All that said, Ed Rendell is pretty crafty when he decides how to throw around money and political capital and so last month's announcement should be read as a message. I recall the terrible uproar over the building of the convention center -- clearly it was a lousy bang for the buck, a waste of public money, a gift to unions and big contractors. While all that may be true, Rendell's support for the Convention Center (which he didn't build but took credit for finishing) and subsequent investment in hotels was almost purely symbolic. It was a message, an act of faith, a sign. Billions upon billions in public and private investment have followed. Would it have happened without Ed's initial "shot in the arm?" Hard to say exactly, but Ed's dollars were the first in. So it is now with the Port, which has hopes to expand north and south of Packer Avenue (south onto "Southport," really that gorgeous tip of the Navy Yard, arguably the best waterfront land in Philadelphia and recently home to an Eagle's nest). Ed's got early money in on this one and the agreement to dredge is meant as a sign to the shipping industry that Philly's for real: invest, bring your steamship lines, come and see how nimble our longshoremen can be. Moreover, there's $300 million in infrastructure upgrades in the package, not much to build anything ambitious but enough to send a signal.

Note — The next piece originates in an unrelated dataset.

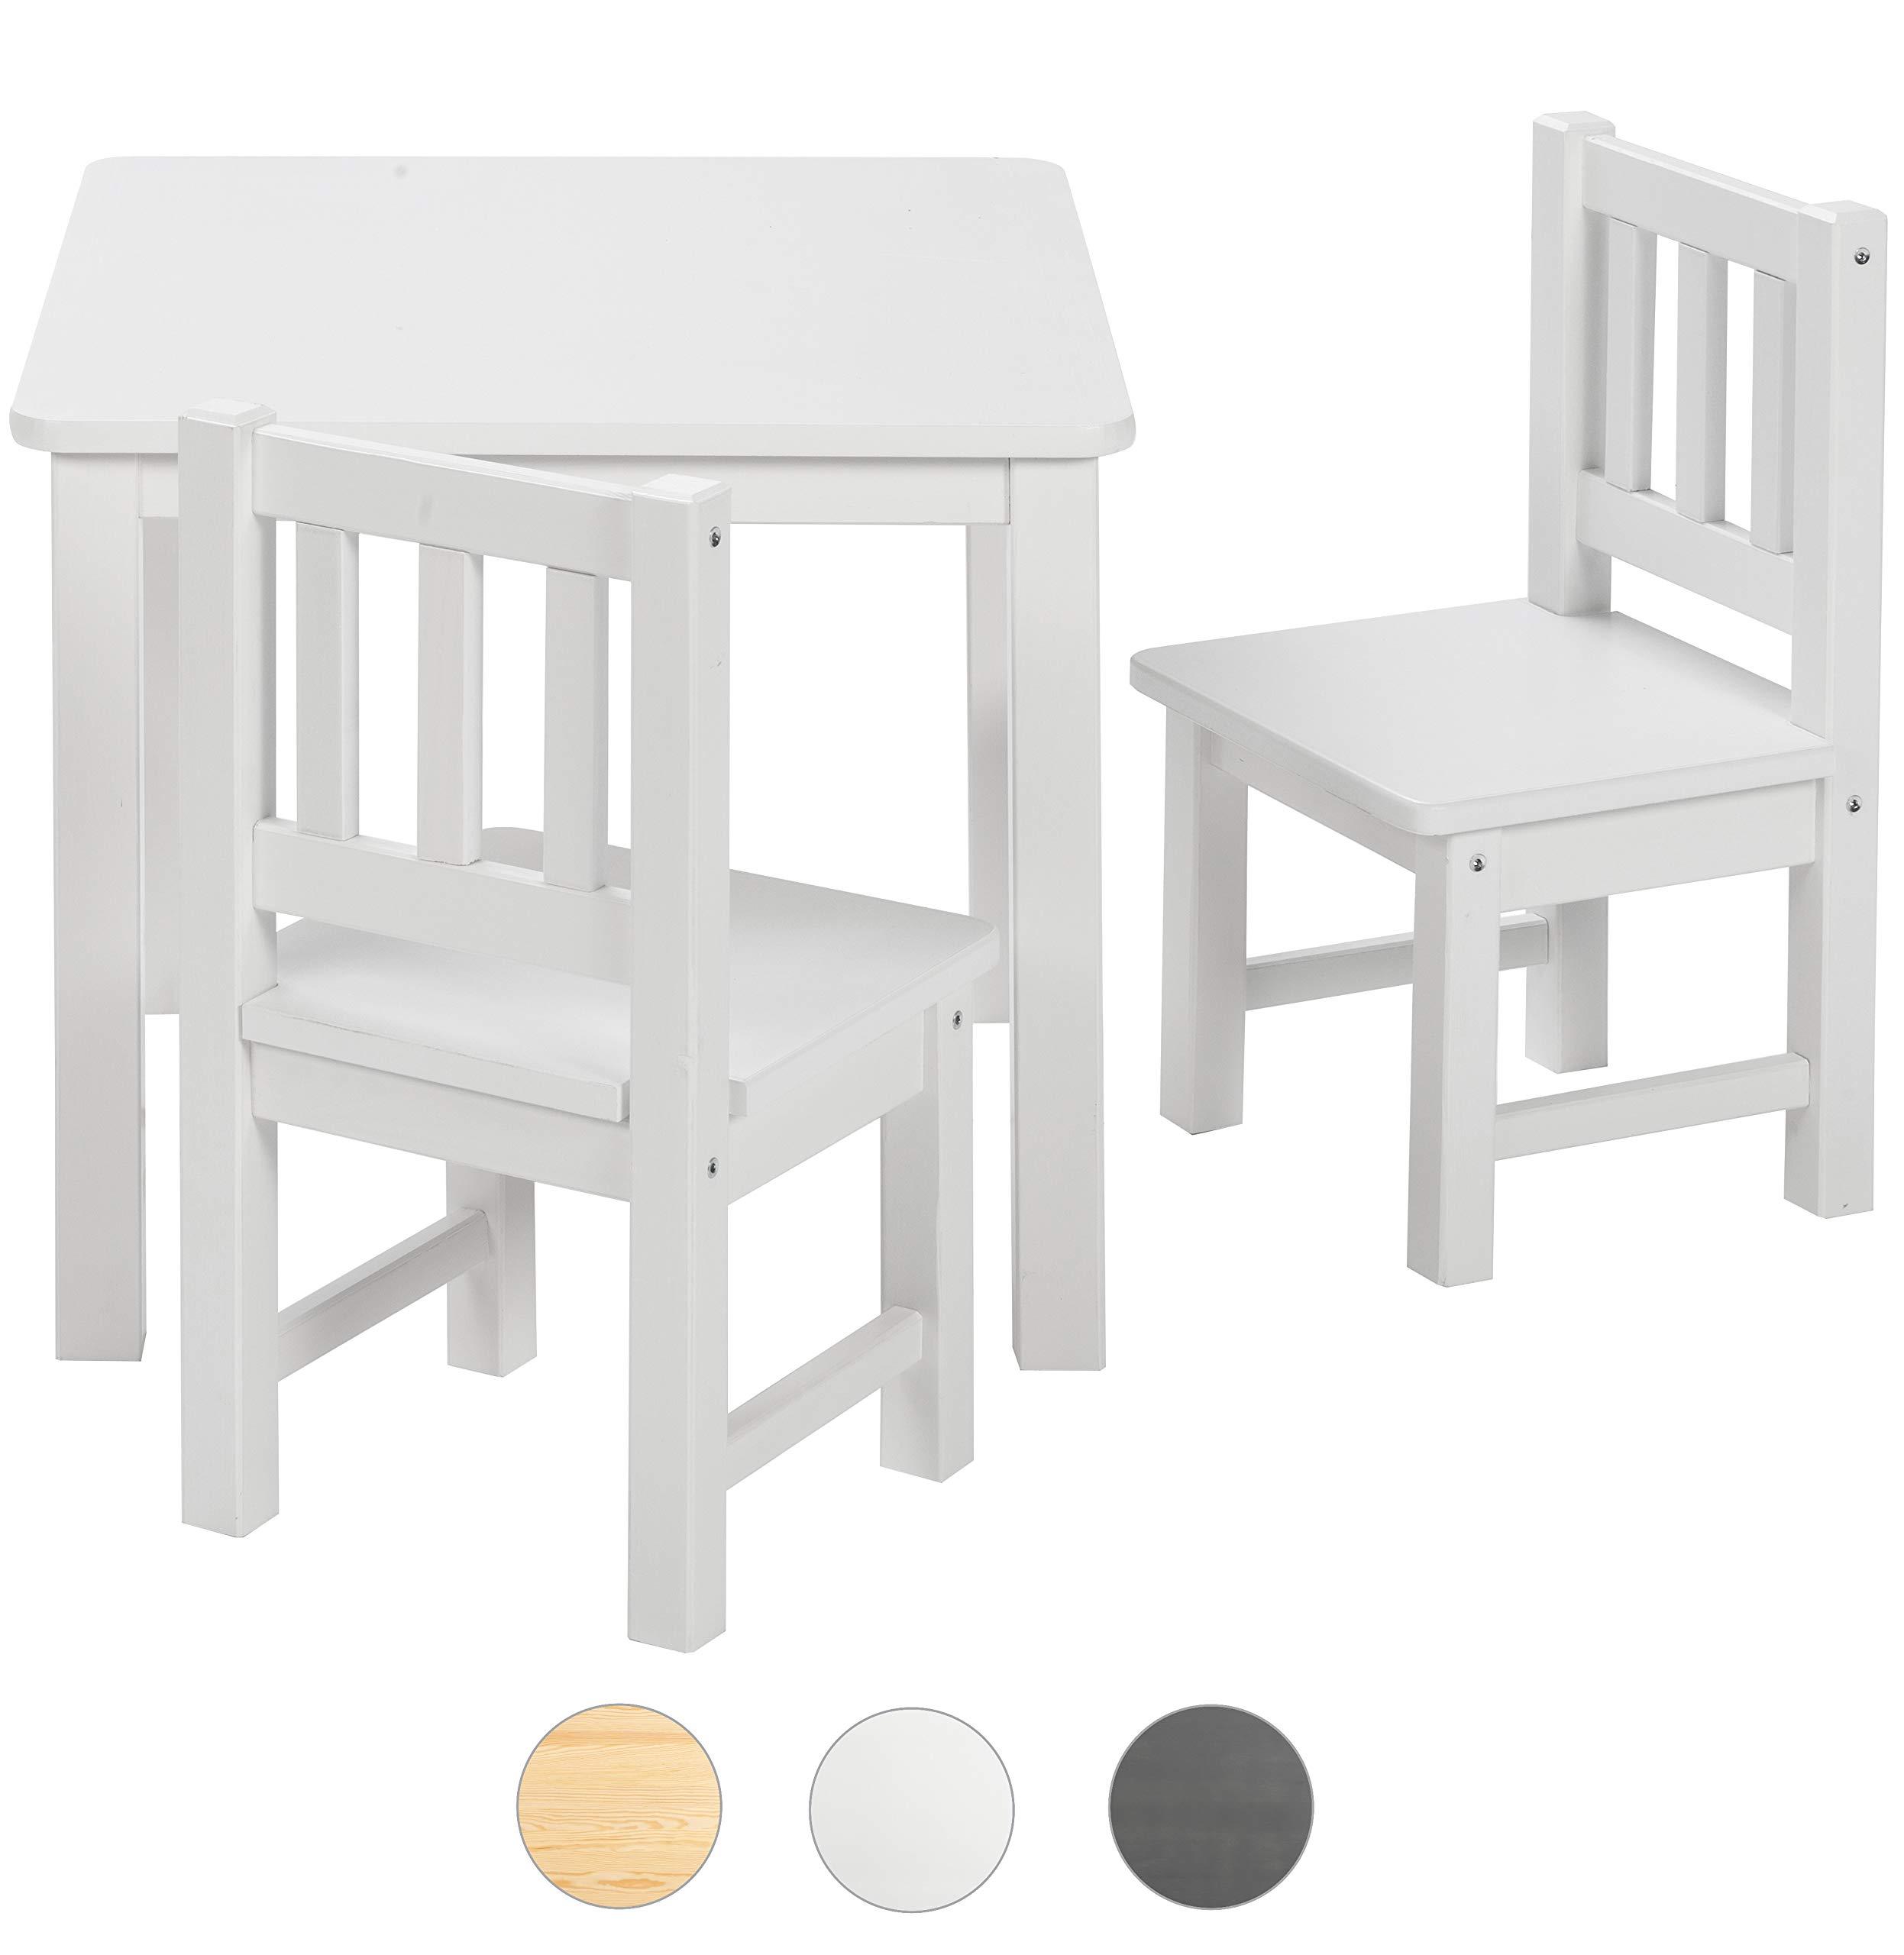 am besten bewertete produkte in der kategorie kinderschreibtische. Black Bedroom Furniture Sets. Home Design Ideas

B. Love and I visited Packer Avenue Marine Terminal Wednesday morning with Port's Director of Communications, Joe Menta. We had a good time, chatting about breakbulk cargoes and container cranes and ships that must wait for high tide. We smiled at the security officers. We stood under the Walt Whitman Bridge. Longshoremen worked -- unloading mystery containers from the Hamburg-Süd ship and steel off another. Steel in a temporary warehouse was being loaded on to CSX freight cars. It was a powerful contemporary industrial scene, as you can see.